### Listed records
_ _ _

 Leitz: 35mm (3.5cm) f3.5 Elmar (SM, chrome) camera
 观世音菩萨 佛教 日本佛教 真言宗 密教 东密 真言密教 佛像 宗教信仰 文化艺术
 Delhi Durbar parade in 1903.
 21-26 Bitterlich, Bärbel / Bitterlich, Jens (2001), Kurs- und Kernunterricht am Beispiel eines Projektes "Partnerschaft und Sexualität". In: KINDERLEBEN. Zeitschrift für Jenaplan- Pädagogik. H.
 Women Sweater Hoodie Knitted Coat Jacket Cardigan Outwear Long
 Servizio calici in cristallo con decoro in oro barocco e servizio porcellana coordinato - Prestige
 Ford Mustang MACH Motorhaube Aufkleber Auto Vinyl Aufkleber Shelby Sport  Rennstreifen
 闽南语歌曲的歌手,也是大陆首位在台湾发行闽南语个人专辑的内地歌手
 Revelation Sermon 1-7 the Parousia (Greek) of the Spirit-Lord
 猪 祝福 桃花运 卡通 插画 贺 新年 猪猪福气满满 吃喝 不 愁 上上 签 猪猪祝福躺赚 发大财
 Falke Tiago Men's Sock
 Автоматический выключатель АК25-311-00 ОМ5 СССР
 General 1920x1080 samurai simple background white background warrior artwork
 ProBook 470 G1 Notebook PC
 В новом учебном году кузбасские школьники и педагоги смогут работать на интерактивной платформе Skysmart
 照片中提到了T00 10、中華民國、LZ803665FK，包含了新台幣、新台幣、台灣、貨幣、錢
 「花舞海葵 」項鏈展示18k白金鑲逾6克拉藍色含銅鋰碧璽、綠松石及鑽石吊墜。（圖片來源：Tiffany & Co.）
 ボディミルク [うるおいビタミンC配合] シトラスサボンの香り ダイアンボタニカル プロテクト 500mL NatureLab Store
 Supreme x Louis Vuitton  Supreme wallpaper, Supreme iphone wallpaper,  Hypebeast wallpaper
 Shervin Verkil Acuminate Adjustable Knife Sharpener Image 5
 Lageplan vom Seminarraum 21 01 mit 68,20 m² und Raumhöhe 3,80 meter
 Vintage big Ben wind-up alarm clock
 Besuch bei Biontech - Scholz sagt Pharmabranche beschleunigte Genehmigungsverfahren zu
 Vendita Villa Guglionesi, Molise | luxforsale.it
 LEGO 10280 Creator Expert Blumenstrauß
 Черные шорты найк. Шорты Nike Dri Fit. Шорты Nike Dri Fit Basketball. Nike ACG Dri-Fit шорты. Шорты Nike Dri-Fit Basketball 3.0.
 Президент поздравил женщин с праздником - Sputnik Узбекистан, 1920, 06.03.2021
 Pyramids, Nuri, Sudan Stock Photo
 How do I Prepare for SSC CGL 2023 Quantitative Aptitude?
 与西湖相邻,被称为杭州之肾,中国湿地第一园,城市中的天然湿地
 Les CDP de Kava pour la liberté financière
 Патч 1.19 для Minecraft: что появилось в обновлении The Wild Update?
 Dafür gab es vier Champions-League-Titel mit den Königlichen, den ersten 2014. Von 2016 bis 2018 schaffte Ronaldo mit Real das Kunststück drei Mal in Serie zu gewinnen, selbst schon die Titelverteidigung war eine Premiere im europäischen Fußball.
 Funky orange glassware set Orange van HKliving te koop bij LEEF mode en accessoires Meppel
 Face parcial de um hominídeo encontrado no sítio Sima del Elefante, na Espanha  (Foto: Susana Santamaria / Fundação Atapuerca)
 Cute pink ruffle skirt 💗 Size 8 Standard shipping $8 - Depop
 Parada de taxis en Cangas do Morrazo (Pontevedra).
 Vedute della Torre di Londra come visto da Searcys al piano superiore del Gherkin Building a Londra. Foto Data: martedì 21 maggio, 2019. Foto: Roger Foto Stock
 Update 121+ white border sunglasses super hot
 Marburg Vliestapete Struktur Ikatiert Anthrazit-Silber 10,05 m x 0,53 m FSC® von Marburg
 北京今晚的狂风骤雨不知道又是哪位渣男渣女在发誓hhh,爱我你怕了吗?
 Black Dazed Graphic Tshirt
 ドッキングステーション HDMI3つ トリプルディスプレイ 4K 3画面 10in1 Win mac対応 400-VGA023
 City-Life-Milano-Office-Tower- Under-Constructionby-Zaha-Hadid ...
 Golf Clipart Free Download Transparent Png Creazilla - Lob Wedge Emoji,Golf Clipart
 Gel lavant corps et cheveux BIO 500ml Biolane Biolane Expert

_ _ _

### What to do
Copy verbatim, from the listing above, each line from the one containing "Президент поздравил женщин" down to the one containing "Dafür gab es", inclusive.

### Exercise output
 Президент поздравил женщин с праздником - Sputnik Узбекистан, 1920, 06.03.2021
 Pyramids, Nuri, Sudan Stock Photo
 How do I Prepare for SSC CGL 2023 Quantitative Aptitude?
 与西湖相邻,被称为杭州之肾,中国湿地第一园,城市中的天然湿地
 Les CDP de Kava pour la liberté financière
 Патч 1.19 для Minecraft: что появилось в обновлении The Wild Update?
 Dafür gab es vier Champions-League-Titel mit den Königlichen, den ersten 2014. Von 2016 bis 2018 schaffte Ronaldo mit Real das Kunststück drei Mal in Serie zu gewinnen, selbst schon die Titelverteidigung war eine Premiere im europäischen Fußball.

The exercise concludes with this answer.